** YOUR ASSIGNMENT **
Instruction for the entries below: return the part that opens with the line containing "setembro de 2012." and closes with the line containing "Imagem: Acervo O", exactly, and no pictures.

[[ DATA IN THIS EXERCISE open ]]

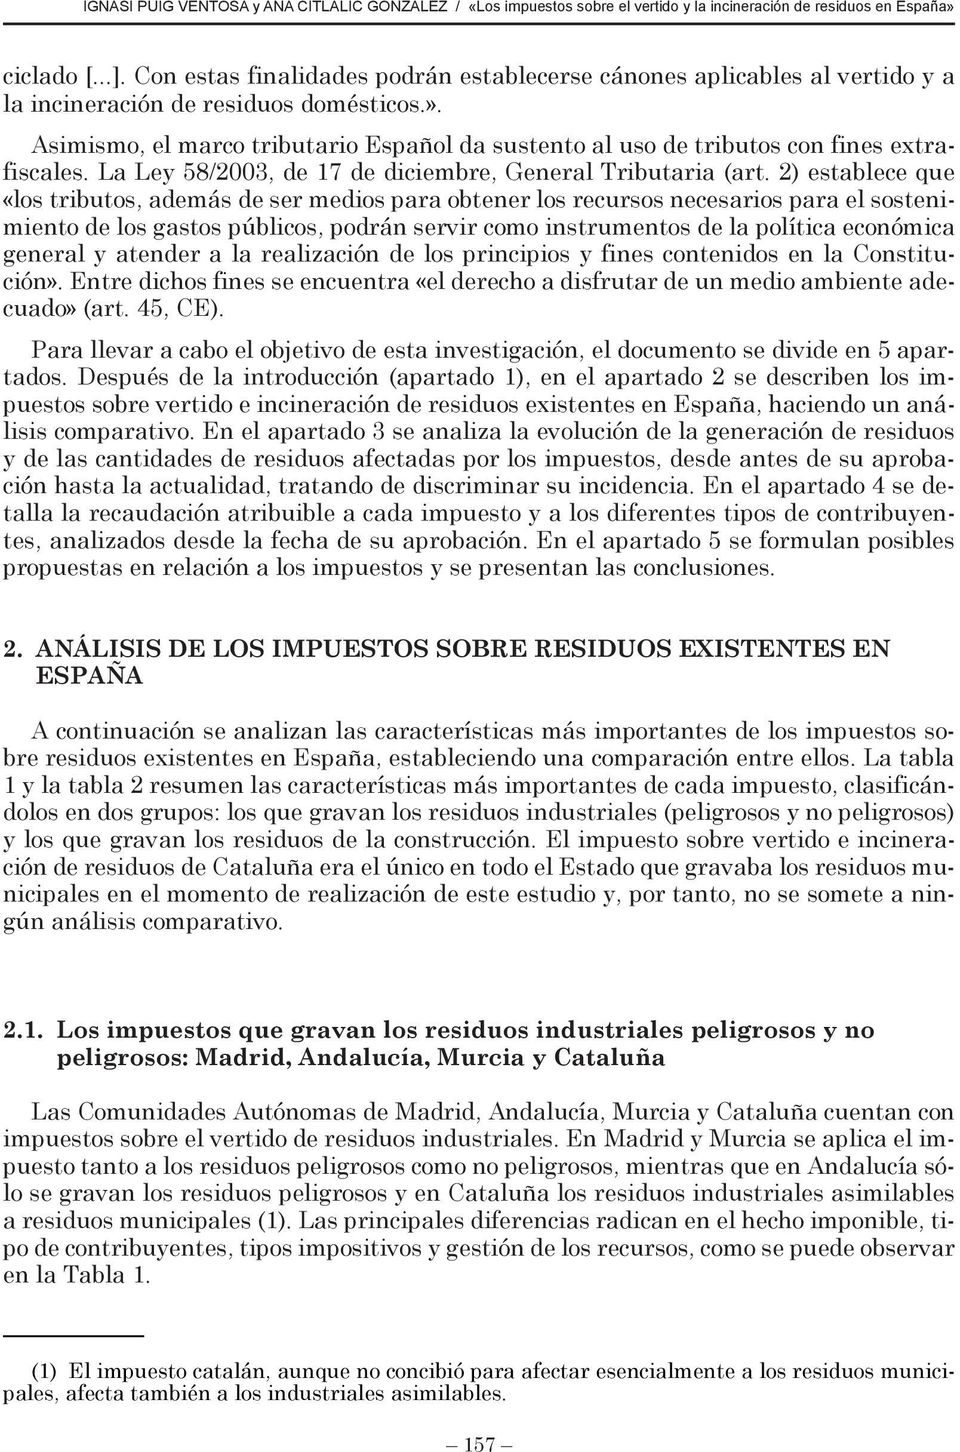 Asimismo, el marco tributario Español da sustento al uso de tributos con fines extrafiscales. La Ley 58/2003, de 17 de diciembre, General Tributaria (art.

[[ DATA IN THIS EXERCISE closed ]]
[[ DATA IN THIS EXERCISE open ]]

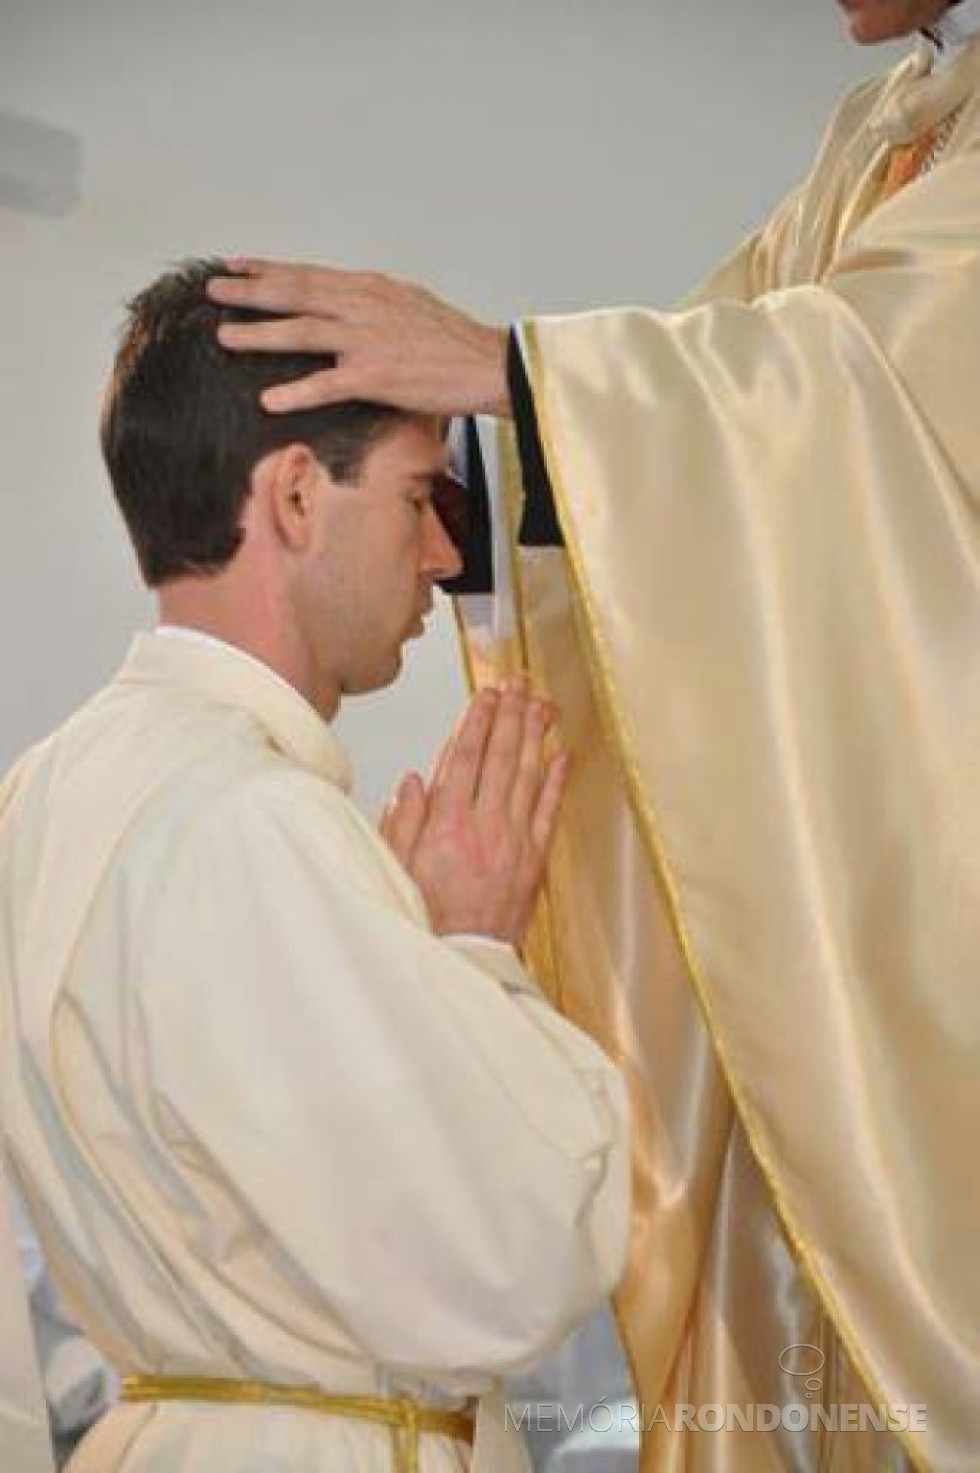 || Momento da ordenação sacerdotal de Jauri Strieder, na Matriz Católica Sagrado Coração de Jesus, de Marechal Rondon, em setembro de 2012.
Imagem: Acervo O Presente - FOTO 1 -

[[ DATA IN THIS EXERCISE closed ]]

** THE COMPLETED TASK **
 || Momento da ordenação sacerdotal de Jauri Strieder, na Matriz Católica Sagrado Coração de Jesus, de Marechal Rondon, em setembro de 2012.
Imagem: Acervo O Presente - FOTO 1 -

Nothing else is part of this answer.